What is amniocentesis?
Now that you have become pregnant, your primary concern is probably your baby’s health. Many of your child’s characteristics are determined at conception. You and the father each donate 23 chromosomes which form the genetic blueprint for your child. So, just as hair and eye color run in families, so can more harmful conditions. The fetal cells, chemicals, and microorganisms surrounding the fetus provide a wide range of information regarding your child’s genetic makeup. Amniocentesis involves extracting and examining these things in order to determine if your baby has a chromosomal disorder of for fetal lung maturity.

Why would I have an amniocentesis?
Amniocentesis can be recommended to you in many different circumstances. These include:

 
• If you are over 35 years of age. This is done mainly to determine if the fetus has Down syndrome, which is more prevalent among children with older mothers.  
• If you have had another child or a close relative that has had a neural tube defect in the past, your doctor may recommend an amniocentesis to rule out the possibility of a defect in your child.  
• If both you and the father are carriers for an autosomal recessive inherited disorder such as Tay-Sachs or sickle-cell anemia, an amniocentesis may be recommended to see if your child is suffering from the disorder.  
• If you have had a child already that was born with a chromosomal abnormality such as Down syndrome, an amniocentesis will be able to determine if your fetus exhibits the same chromosomal abnormality.  
• If you are a carrier for an X-linked (or sex-linked) genetic disorder, an amniocentesis can identify whether the baby has inherited the gene from you and determine the gender in order to see if they will be affected by the presence of the genetic defect.  
• If you or the father has an autosomal dominant disorder such as Huntington’s chorea, an amniocentesis will be able to identify if your child will be affected by the disease.  
• If any type of infection of the fetus or the mother is suspected an amniocentesis may be recommended.  
• If it is necessary to evaluate the maturity of the lungs of the fetus late in the pregnancy, an amniocentesis may be recommended.

The Procedure
Amniocentesis is best performed at 15 to 17 weeks of gestation, but occasionally as early as the 14th or as late as the 20th week. Amniocentesis can also be performed in the last trimester to assess the maturity of the fetal lungs. Test results are usually back in one week.

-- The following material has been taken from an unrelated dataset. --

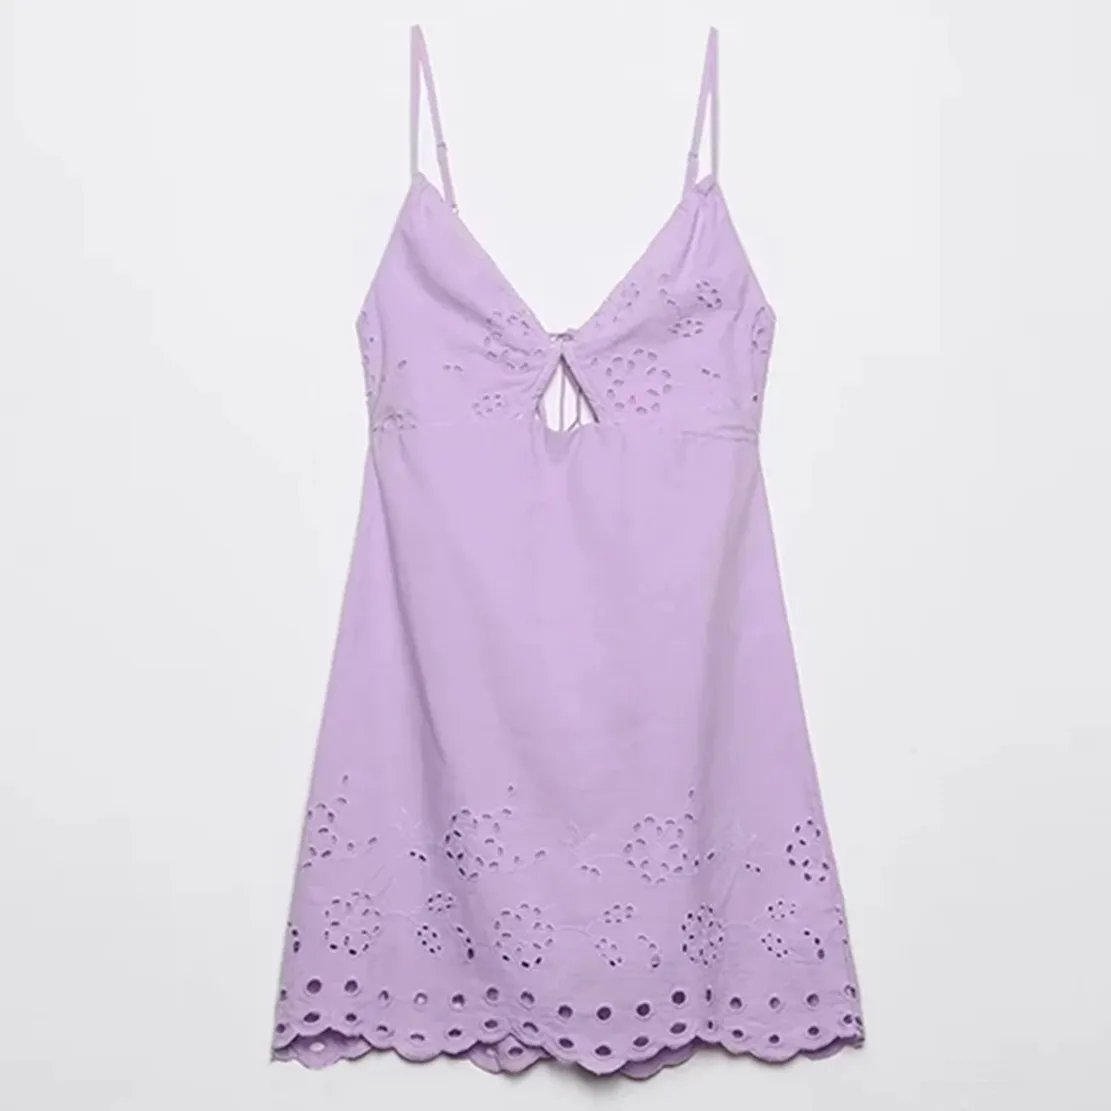 

Elmsk французское модное пикантное элегантное пляжное мини-платье фиолетового цвета без бретелек

The expectant mother is positioned on her back with her abdomen exposed. Using, ultrasound, the location of the fetus and placenta are located. This is in order to reduce the chance of accidentally pricking the fetus. The abdomen is then swabbed with antiseptic solution and sometimes a local anesthetic. A long, hollow needle is then inserted through the abdomen and into the uterus. A small amount of amniotic fluid is then withdrawn. Before, during and after the procedure, the mother’s vital signs and fetus’ heart tones are monitored to ensure no complications are experienced. You may also have the option of learning the baby’s gender with the test results, or you may choose to find out the old-fashioned way. From start to finish, the entire procedure should not take more than 30 minutes.

If a genetic disorder is detected, you will be referred to a genetic counselor for further counseling and decision making. The genetic counselor can answer all your questions, and suggest further tests to help see how your child’s health may be affected. In many cases, a genetic counselor can reassure you that the risk to your baby is lower than you feared.

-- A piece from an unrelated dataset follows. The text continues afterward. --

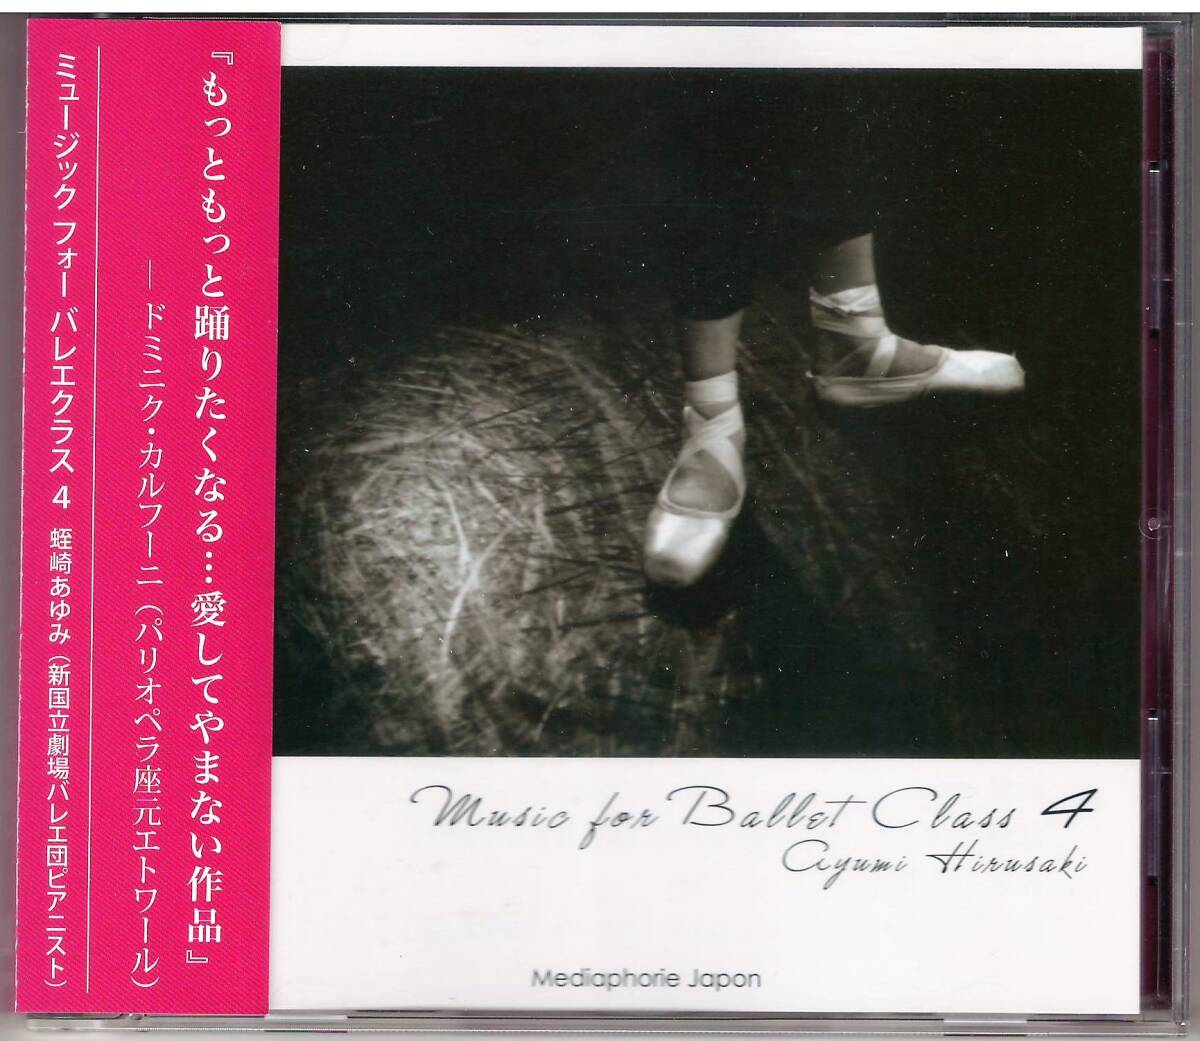 蛭崎あゆみ「Music for Ballet Class 4」CD 送料込 バレエレッスン

Risks and benefits of amniocentesis
Amniocentesis gives us the ability to extract and examine the fluid from the amniotic cavity. It is more than 99 percent accurate in diagnosis or ruling out Down syndrome, among other things. It rarely results in any symptoms in the mother. It is probably best that you take the remainder of the day off and rest. You may experience a few minutes to a few hours of mild pain or cramping after the procedure. You may also experience some light vaginal bleeding or amniotic fluid leakage. In rare occasions you may experience infection as a result of the procedure or even more severe complications that may lead to miscarriage. It is suggested that it may raise the risk of fetal loss by 0.5%. Thus, amniocenteisis shold only be used when the benefits outweigh the risks.